Luhut mengatakan situasi bentrok antara Iran dan Amerika Serikat saat ini sangat naik turun dan penuh ketidakpastian. Salah satu perkembangan terbaru nan menjadi perhatian adalah munculnya keahlian drone bawah air milik Iran nan diklaim dapat digunakan untuk menyerang kapal di perairan strategis tersebut.
Menurut dia, berasas laporan nan diterima dari beragam sumber, Iran saat ini mengembangkan drone murah dengan keahlian serangan jarak jauh hingga sekitar 2.000 kilometer dan dilengkapi sistem navigasi berbasis GPS.
"Dari laporan sumber-sumber nan kami dapat, drone dari Iran ini juga sekarang dikembangkan drone dari bawah air.

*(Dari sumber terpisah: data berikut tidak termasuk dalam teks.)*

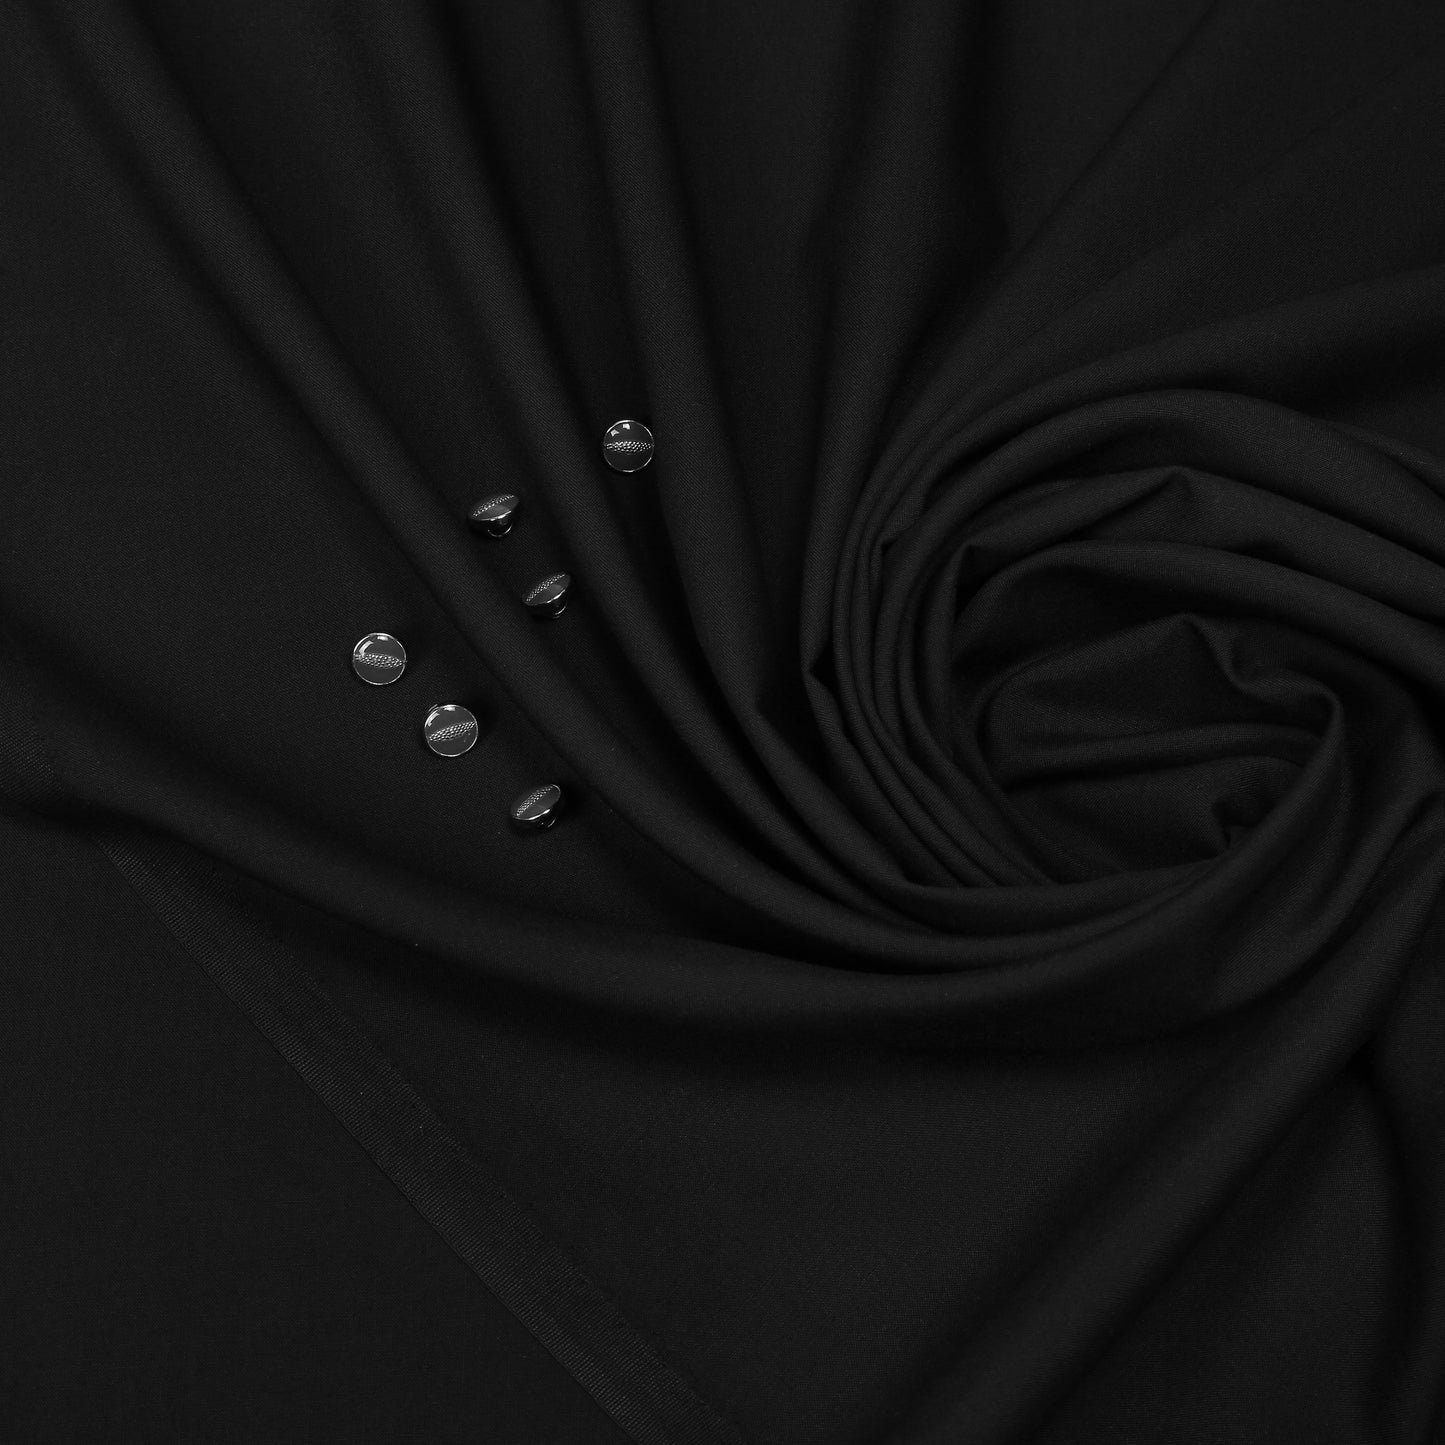 Midnight Black Wash & Wear - Sleek Sophistication

Mereka membikin drone nan murah, bisa 2.000 kilometer, GPS targeted, kapan saja bisa diluncurkan," ujar Luhut dalam Sidang Kabinet Paripurna di Jakarta, Jumat (13/3/2026).
Ia menjelaskan, strategi tersebut dinilai mirip dengan pola perang gerilya lantaran menggunakan teknologi relatif sederhana namun efektif untuk menekan musuh dengan biaya rendah.
"Ini seperti perang gerilya. Mereka membikin drone nan murah tetapi efektif," kata Luhut.
Dalam perkembangan lain, Luhut juga menyebut Angkatan Laut Iran sempat menjadi sasaran serangan militer Amerika Serikat nan bermaksud mengamankan jalur pelayaran di Selat Hormuz. Dalam operasi tersebut, sejumlah kapal Angkatan Laut Iran dilaporkan sukses dihancurkan.
Meski demikian, bentrok tetap memanas setelah Iran dikabarkan melakukan serangan terhadap kapal tanker Amerika menggunakan drone bawah air. Salah satu kapal tanker AS apalagi dilaporkan terbakar setelah serangan tersebut.
Selain itu, Luhut menyebut sistem komando militer Iran juga menjadi sasaran pengeboman dalam rangkaian operasi militer nan dilakukan Amerika Serikat.